A year and a half ago I found myself in an awkward in-between-place in my life. After separating from my former partner, I moved into what turned out to be a very challenging rental situation. In addition to my heart-ache and difficult living situation, I caught a terrible cold that kept me house-bound for several weeks. As soon as I was physically strong enough to leave the house again, I began searching for my new home.

I was very relieved when I finally found a new place to call my home. However, my current rental situation was so bad that I was desperate to find a way to bridge the time between the day I found my home-to-be and my moving day. Luckily a friend offered me to house- and cat-sit for her while she and her family were away on vacation.

Grateful for this retreat from my unfortunate rental situation, I was silently hoping to move into my new home right after my house-sitting arrangement ended, on the 21st of the month. The current tenant of my future home had plans to leave Victoria on the 20th and, therefore my hope was not entirely unrealistic.

My future landlord said that he would call me as soon as he had done the moving out inspections with the current tenant. For a few days I waited for the phone to ring until I succumbed to the urge to call my future landlord to get the latest news. Noticing my sense of urgency, he offered to do the moving-in-inspection right after the moving-out- inspection with the current tenant was done. It would save him a trip into town and would help me move sooner.

This was music to my ears. I agreed to meet on Saturday afternoon for the inspection and jumped into action. I went to my old home and continued packing boxes and called the moving company to arrange my move for Monday afternoon. I even arranged for a technician to come by later on Monday to hook up the Internet and phone in my new abode. I was eager to get myself moved as quickly as possible.

When I arrived at my home-to-be on Saturday afternoon, my future landlord greeted me with the words: “Don’t even bother locking your bike! The suite is not ready.” The suite was neither empty nor clean. The current tenant had simply underestimated the time needed to pack her stuff and clean the place. The landlord apologized “I should have known better. I shouldn’t have asked you to come until I had completed the inspection with the current tenant.”

I was very disappointed. Many thoughts were racing through my mind. Where was I going to go after my house-sitting ended on Tuesday? When was I going to be able to move into my new home? What if I had to pay a cancellation fee the moving company? I didn’t have any answers to these questions. All I knew was that I would be able to move into my new home by March 1st at the latest. I said good-bye to the landlord, who affirmed that he would call me as soon as he could do the inspection.

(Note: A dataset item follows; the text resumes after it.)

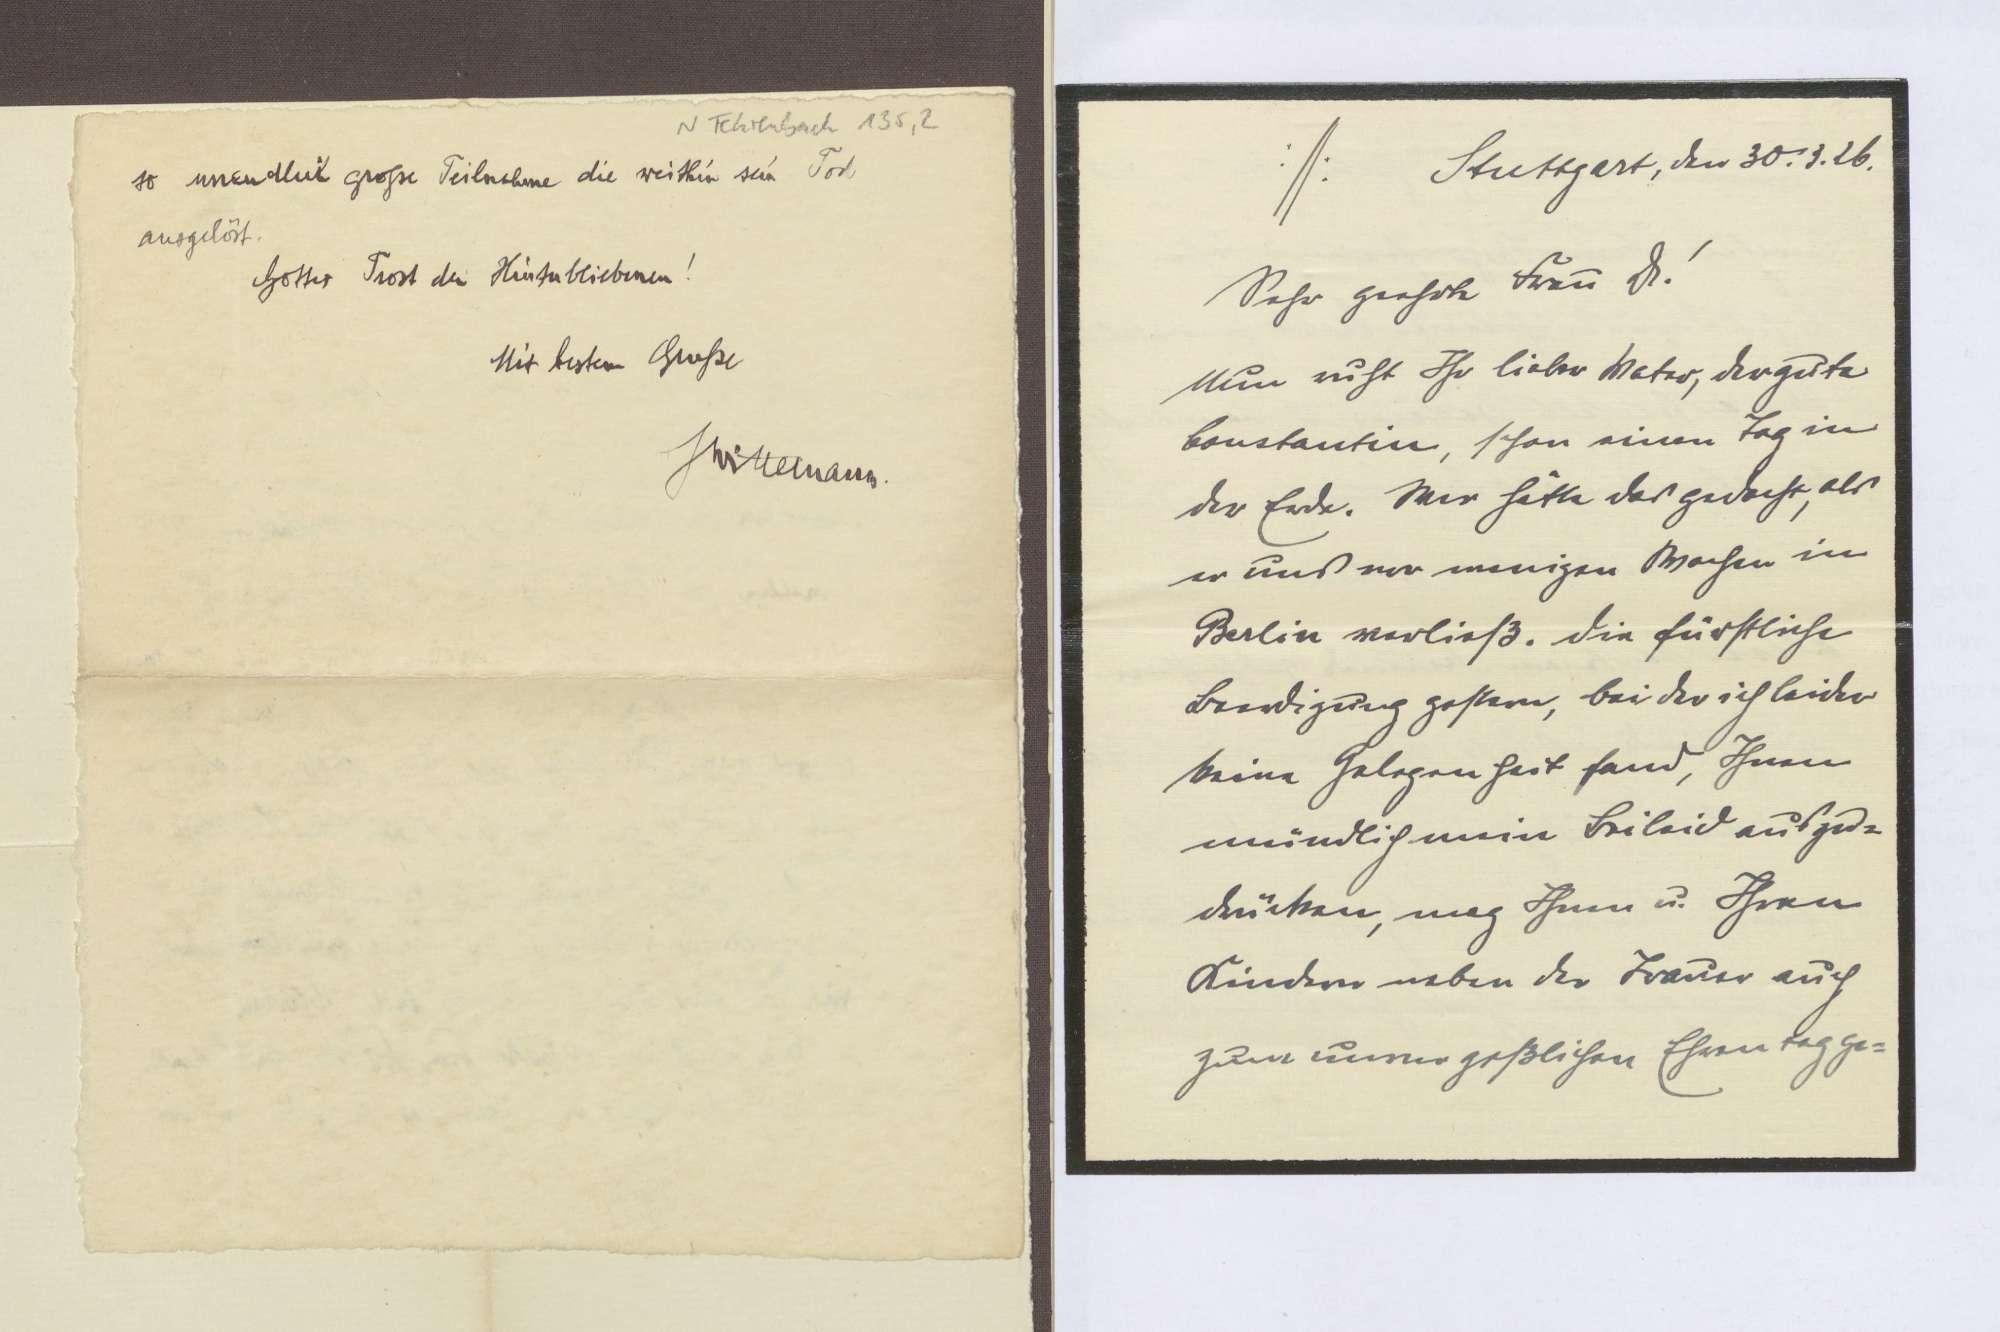 Schreiben von Eugen Bolz an Elisabeth Rosset, Kondolenzschreiben zum Tod von Constantin Fehrenbach, Bild 1

As I cycled away, I felt heavy and defeated. It started drizzling. The soft drizzle soon turned into a heavy downpour. While I was riding my bike, exposed to the elements, feeling defeated, wet and miserable, I suddenly began to laugh at myself and heard myself saying: “Thank you! Thank you for this lesson on how to be more patient!”

I completely and utterly understood with every fiber of my soaked body that my attempts to speed up the moving process were motivated by fear. I was scared not to have a home for sometime, even for a few days. How very understandable! As soon as I admitted this fear as the motive of my impatient actions, I was able to access another part of me. Deep down I knew that everything would work out just fine.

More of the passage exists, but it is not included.